=== Begin Enclosure ===

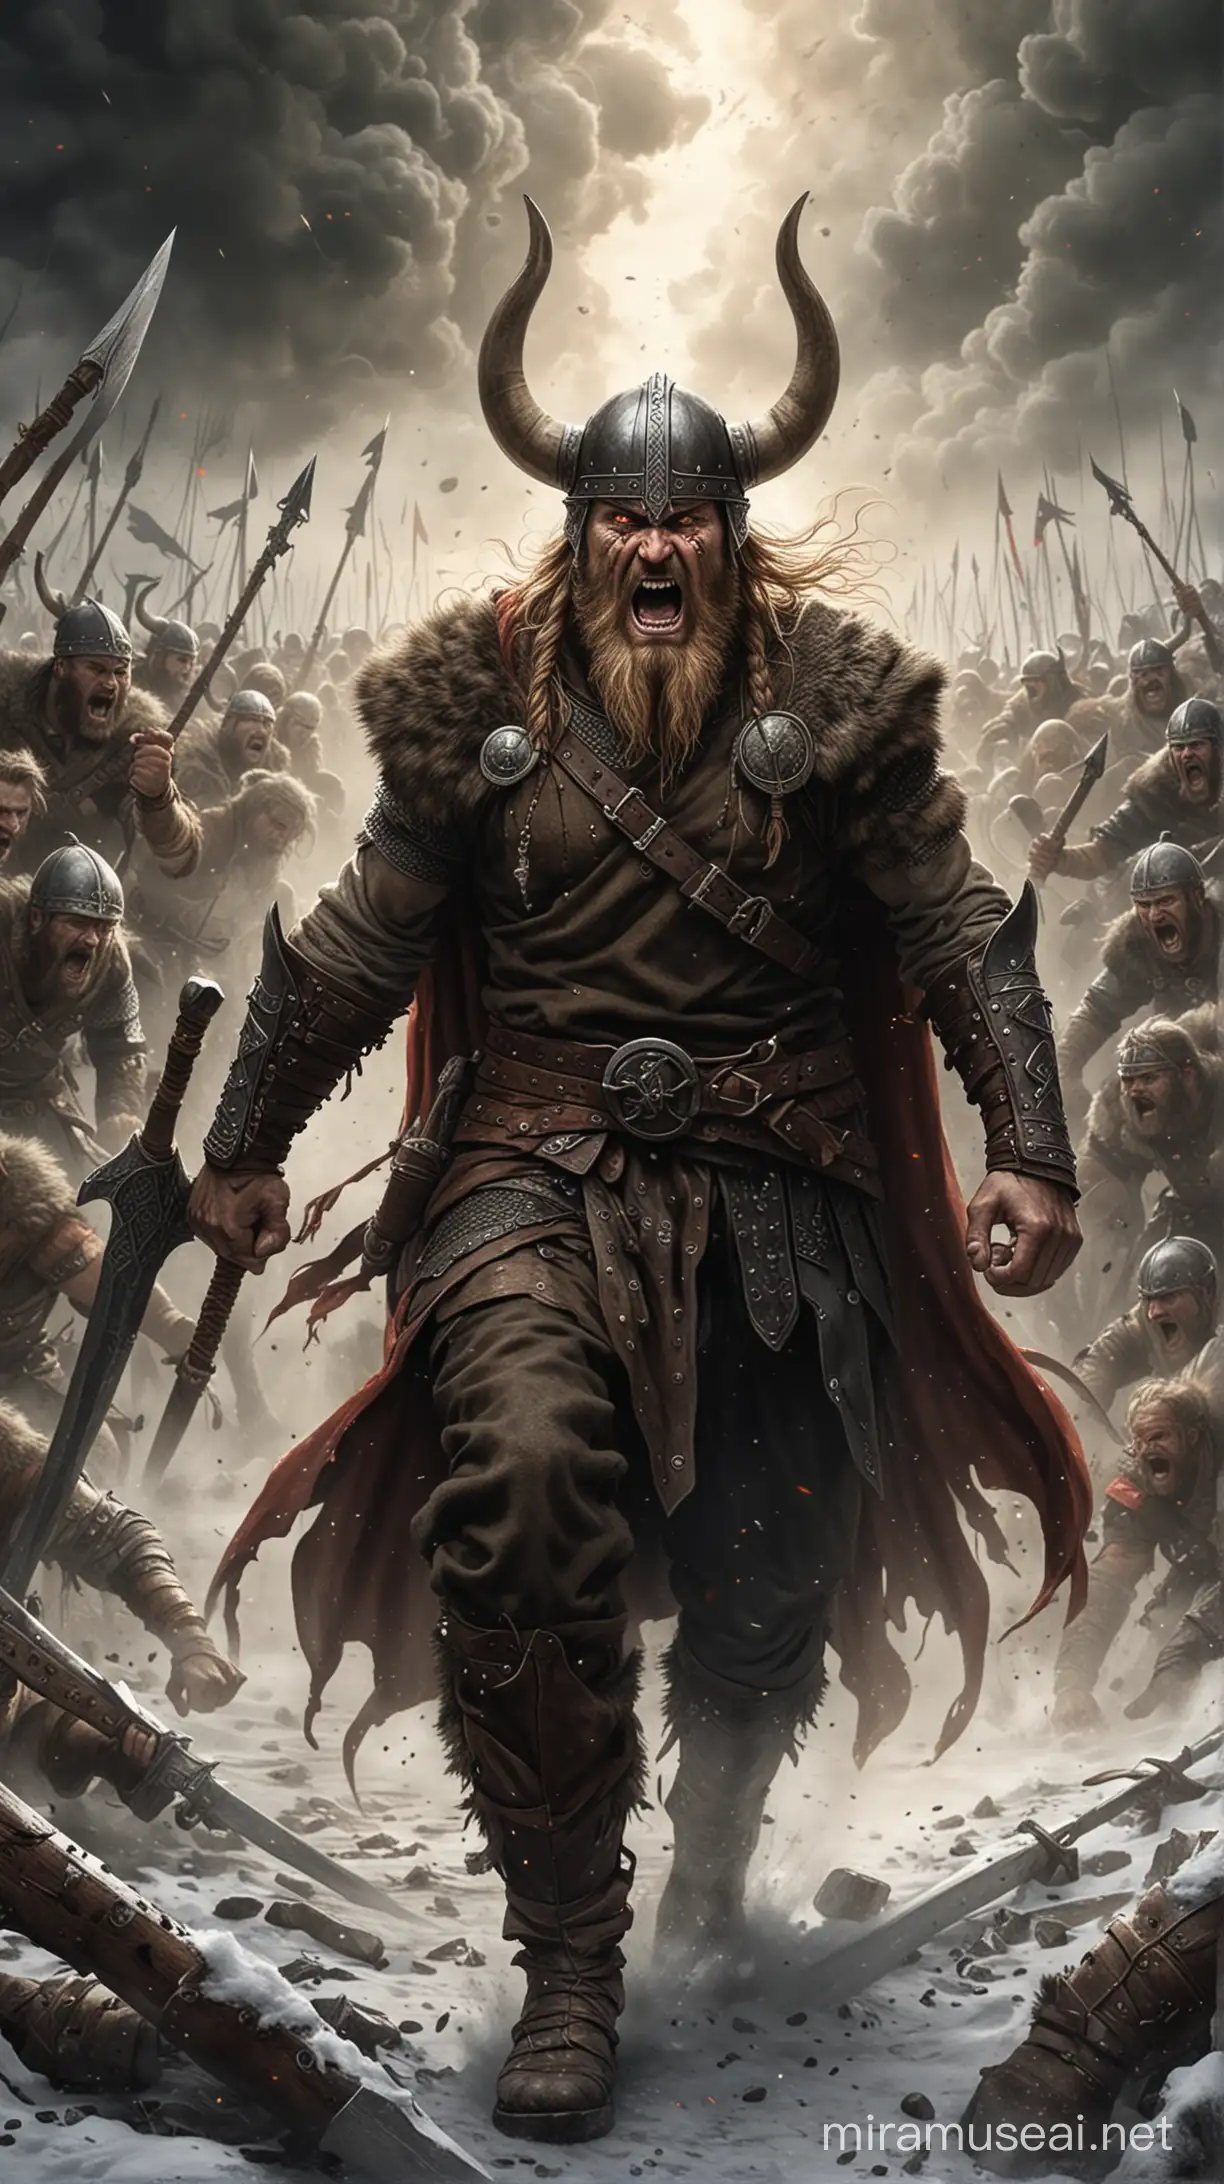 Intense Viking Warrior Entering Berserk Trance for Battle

=== End Enclosure ===
=== Begin Enclosure ===

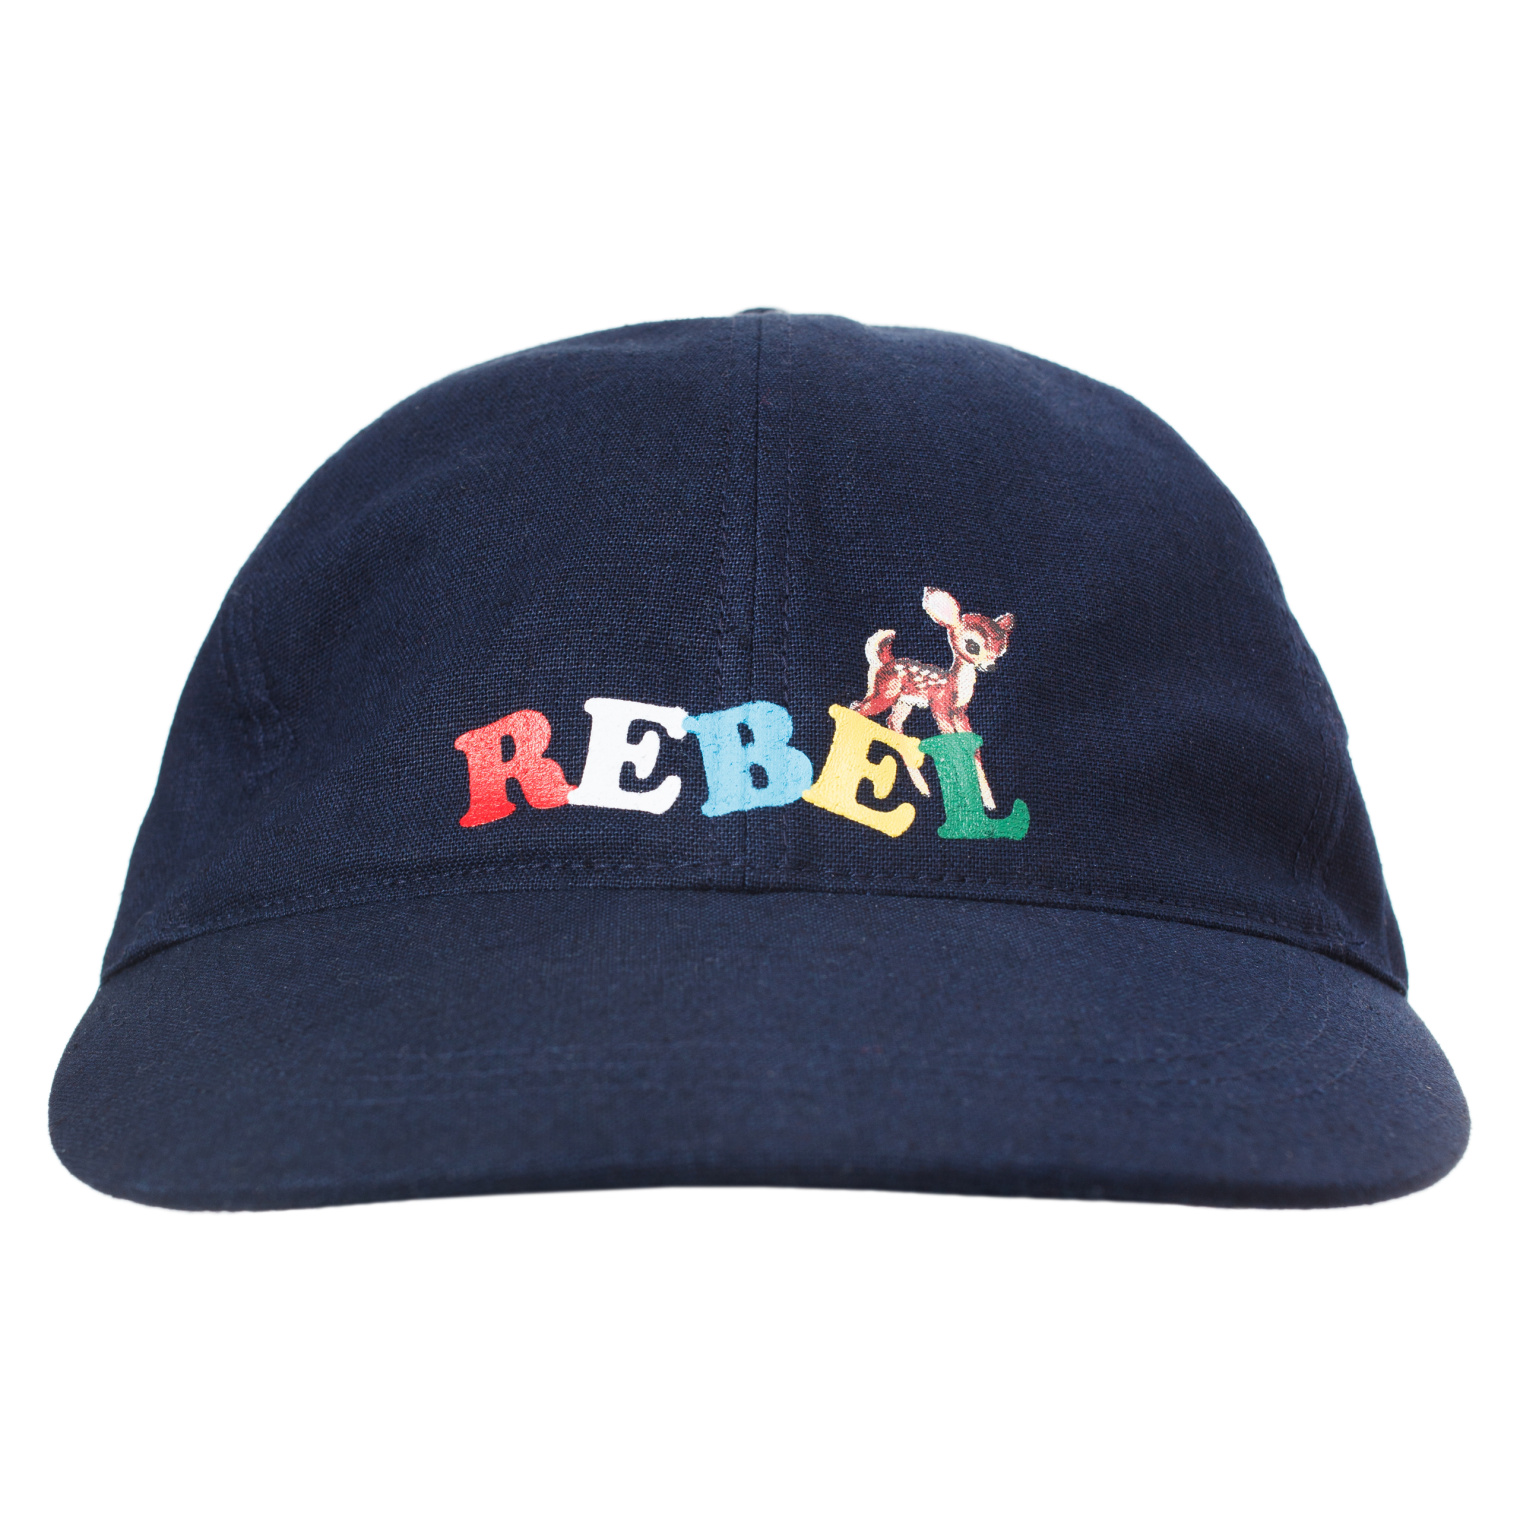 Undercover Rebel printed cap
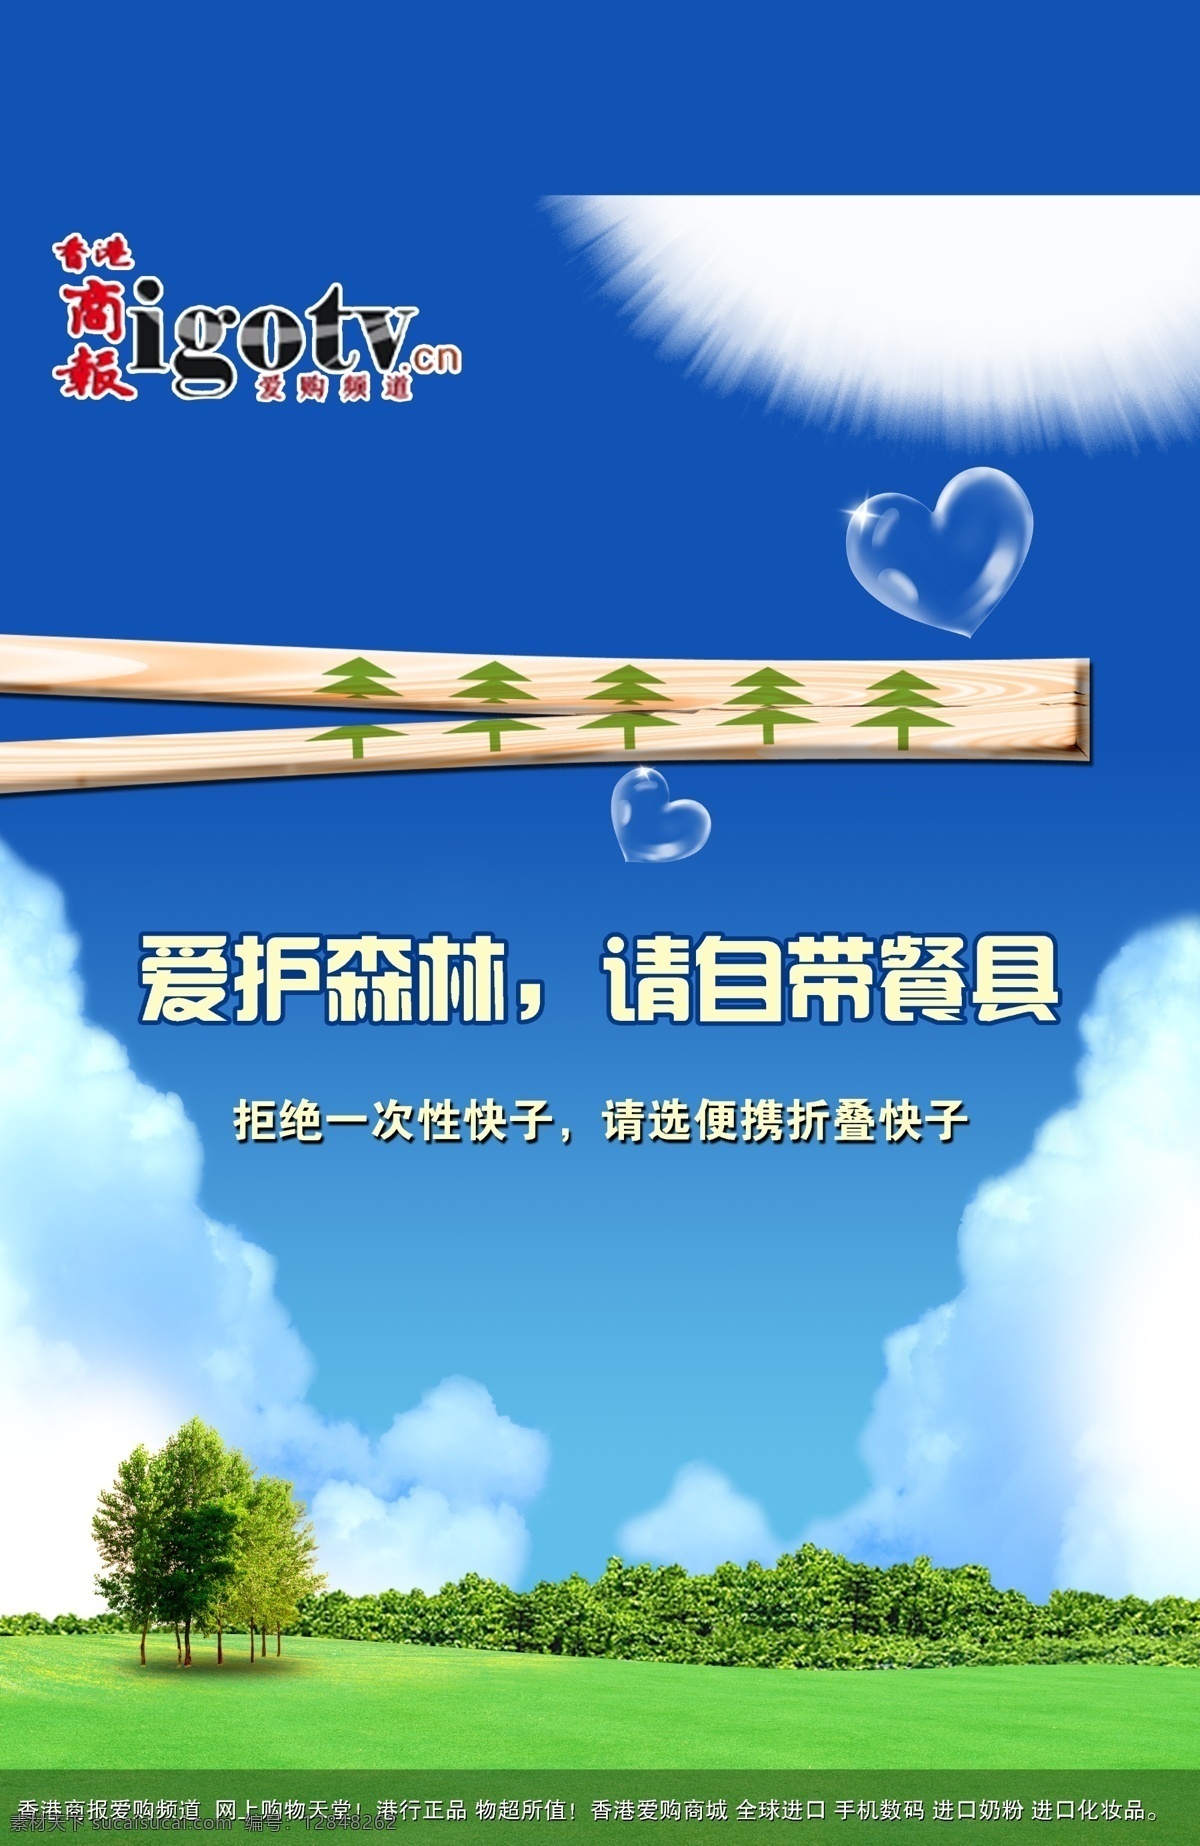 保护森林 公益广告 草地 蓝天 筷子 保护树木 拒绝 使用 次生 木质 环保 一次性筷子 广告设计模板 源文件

=== End Enclosure ===

● **TASK GOAL**
Within the material above, only the stretch from the line holding "Undercover Rebel printed cap" through the line holding "保护森林 公益广告 草地" is to be restated exactly. Pictures are dropped.

● **RESPONSE TO THIS TASK**
 Undercover Rebel printed cap
 保护森林 公益广告 草地 蓝天 筷子 保护树木 拒绝 使用 次生 木质 环保 一次性筷子 广告设计模板 源文件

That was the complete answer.